U6 is still under development. (It has not yet been released.)
ok, so I just stop using audit daemon will be fine. thanks PT
*** Bug 142960 has been marked as a duplicate of this bug. ***
To test this issue, simply run the system with LAuS and cron enabled . 1. Ensure LAuS is enabled (it is not by default): # chkconfig --level=2345 auditd on; chkconfig --level=016 auditd off 2. To speed things up, create a minute-ly cron job: # echo '* * * * * /bin/date>/dev/null' > /var/spool/cron/root 3. # reboot When the rebooted system has been up more than two minutes, audit log records will have been generated by cron. Now, to test: # halt system should shutdown cleanly with no messages like: ' Unmounting filesystems: umount2: Device or resource busy umount: /var: device is busy '
An advisory has been issued which should help the problem described in this bug report.

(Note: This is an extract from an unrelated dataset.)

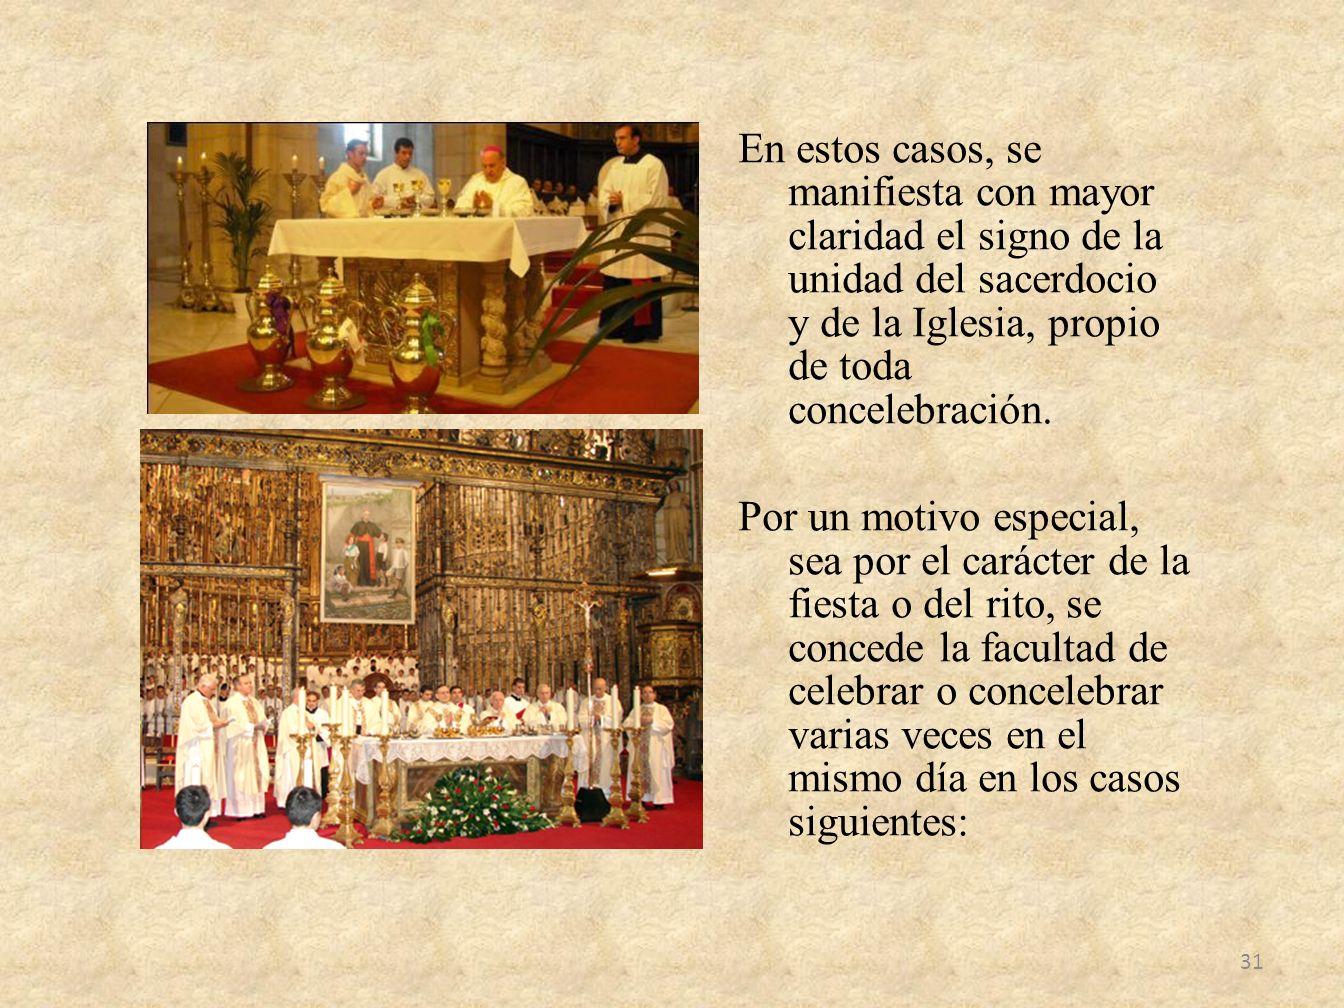 En estos casos, se manifiesta con mayor claridad el signo de la unidad del sacerdocio y de la Iglesia, propio de toda concelebración. Por un motivo es

This report is therefore being closed with a resolution of ERRATA. For more information on the solution and/or where to find the updated files, please follow the link below. You may reopen this bug report if the solution does not work for you. http://rhn.redhat.com/errata/RHSA-2005-663.html
We run kernel-2.4.21-37.0.1.EL, and kernel-smp-2.4.21-37.0.1.EL with the auditd turned off. We didn't see the error with stock U6 kernel, but now see it again with the latest security fix kernel!
Re: comment #56 Could you please confirm that the bug persists even with the latest updates? Thanks.
The bug reported here has been fixed in RHEL3 U8 (kernel version 2.4.21-47.EL). If you still encounter a problem with U8, please enter a new bugzilla report.